Single colonies of E. coli BL21 with migrated fragments at different locations were selected and cultured in 3 mL LB medium overnight respectively. The next day, the cells were mixed and transferred to three 1 L LB medium at 1:1000. Cells were collected by centrifugation once the OD (λ = 565 nm) of the culture reached 0.6 and washed twice by 50 mL of PBS buffer (PH7.4 slightly), then, the bacteria were frozen in liquid nitrogen and sent for sequencing on the PacBio Sequel IIe platform to obtain HiFi reads. Reads with mass scores below Q5 were filtered out using fastp (version 0.23.1) and divided into three independent sets, each containing over 90,000 reads. Each read was individually processed by the decoder to identify potential signatures.

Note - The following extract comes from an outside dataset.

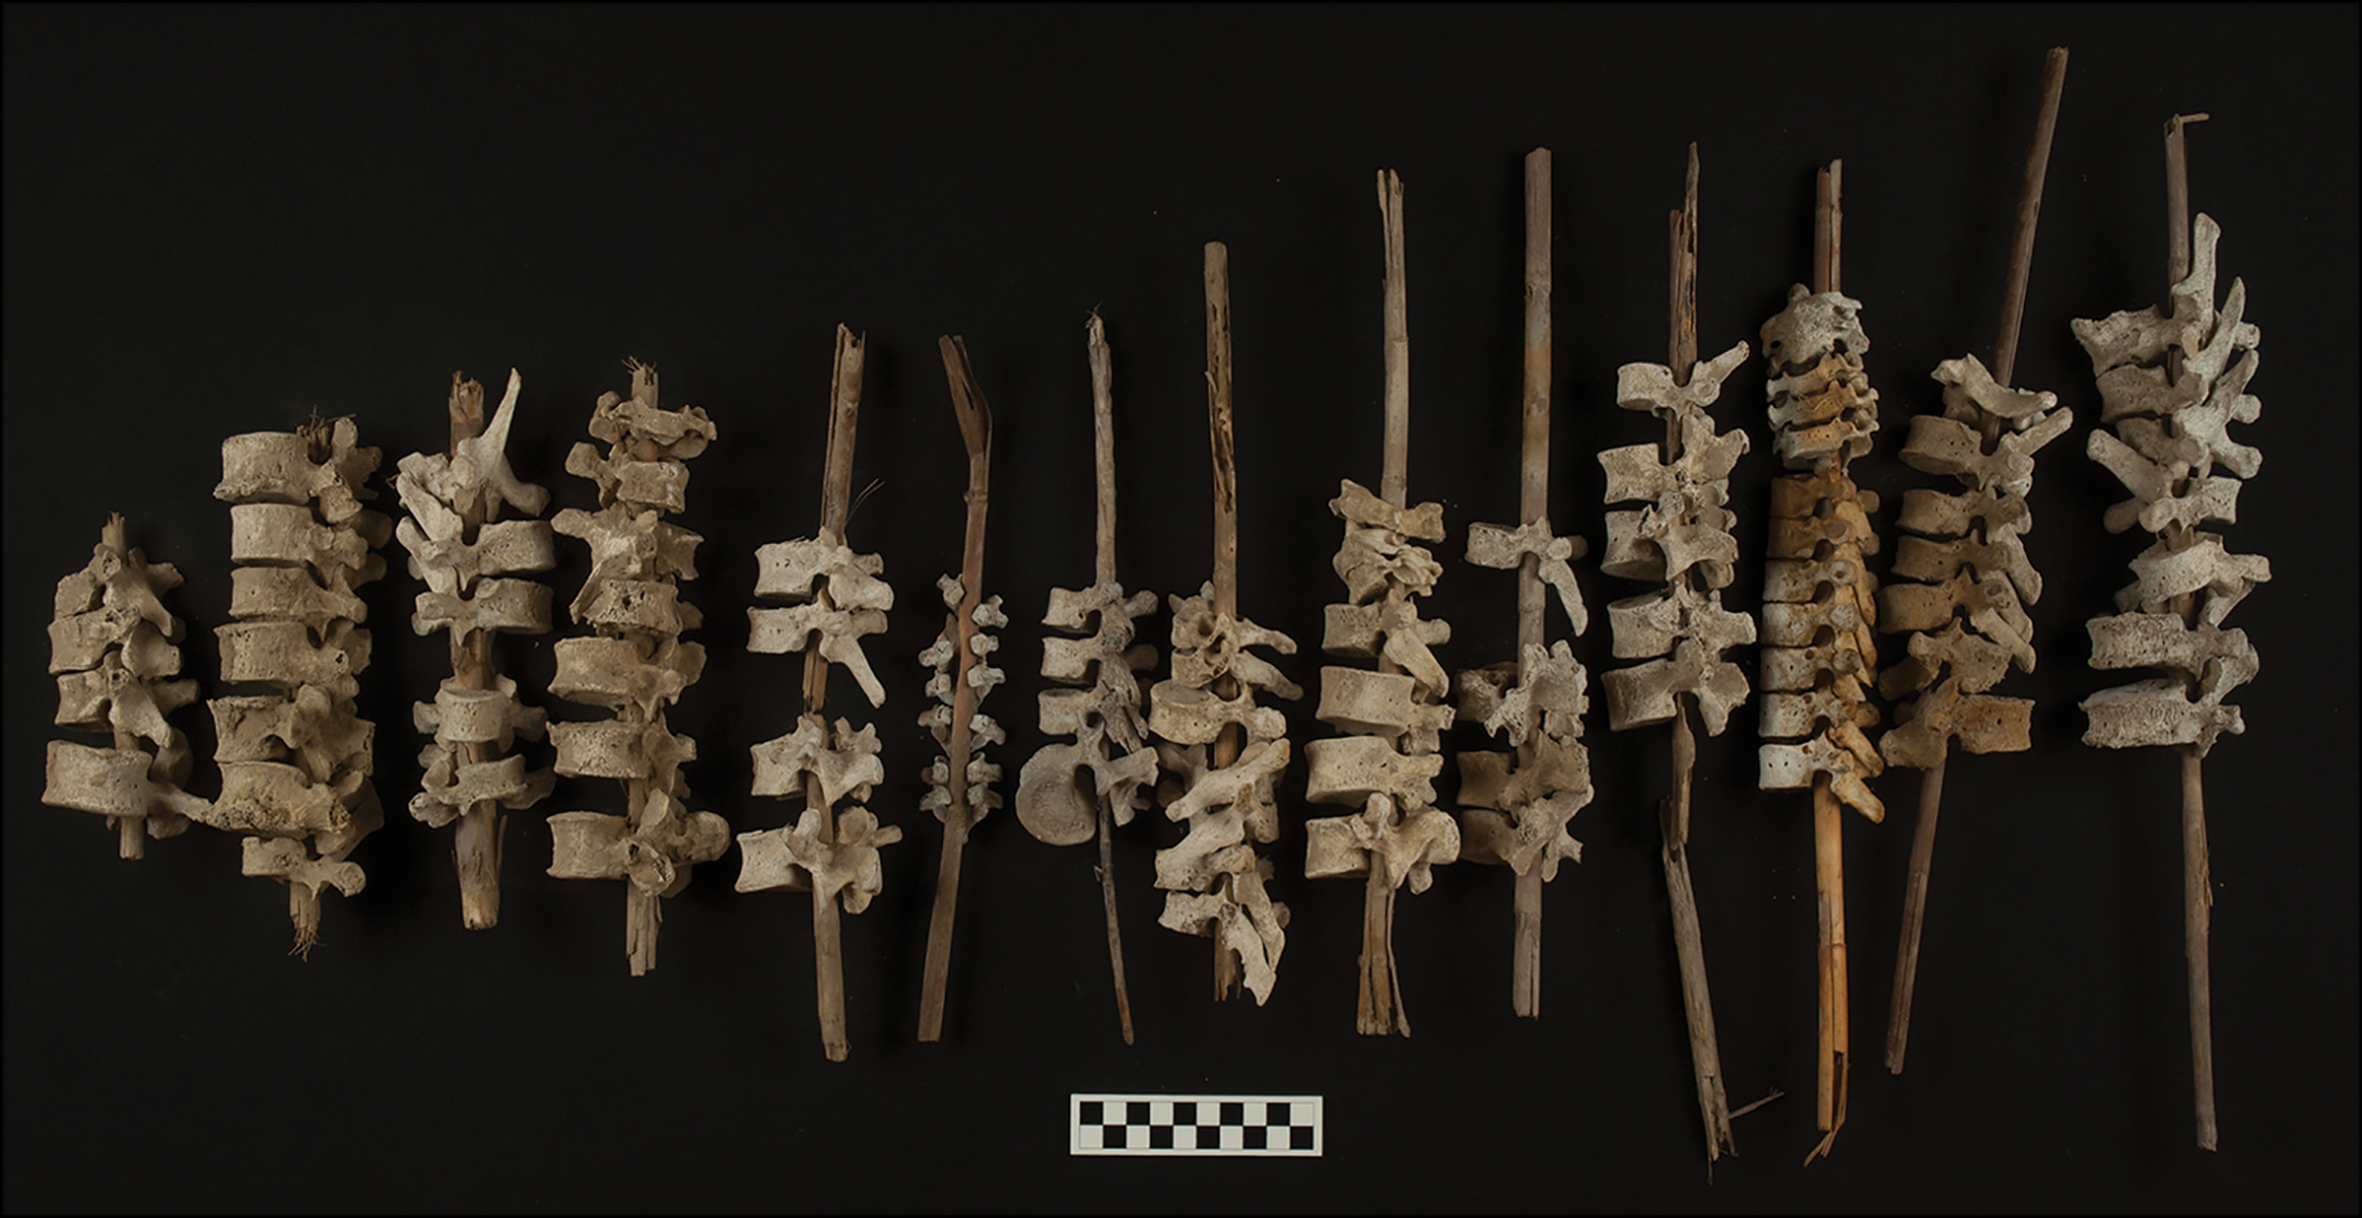 Encuentran en Perú vertebras humanas ensartadas en varas de madera

The giant genome of lungfish

The genome data of the lungfish is 34,557,647,948 nt after removing 129 N. The final linear genome is obtained by connecting 15 fragments one after the other according to the following sequence: chromosome 1–14 and unplaced sequence fragment. Linear genome carrying a migration fragment containing the genome signature iutA serves as the decoding input.

Computing resources

The simulation data were obtained from the following machines: 32Gbyte of memory, 64 cores, 2.50 GHz Intel Xeon CPU E5-2682 v4; 16Gbyte of memory, eight cores, Intel Xeon Processor (Skylake, IBRS); 48Gbyte of memory, 12 cores, 2.67 GHz Intel Xeon CPU × 5640. A list of computational details and statistical tests can be found in Supplementary Table 6.

Statistics and reproducibility

qPCR assays and growth curve experiments included n = 3 biological replicates for each sample. Decoding statistics for invaded sequence were conducted n = 3 independent analysis. Simulation test for the decoding of genome with ten joint genome signatures were performed n = 100 for each mutation combination. Simulation test for DM decoding were performed n = 50 for each gene. Data visualizations were created using Graphpad Prism v9, Origin v2021 and Python v3.11. The figure legends provide detailed information on the specific data points for each experiment, including sample sizes (n values), p-values, and other relevant metrics.

Reporting summary

Further information on research design is available in the Nature Portfolio Reporting Summary linked to this article.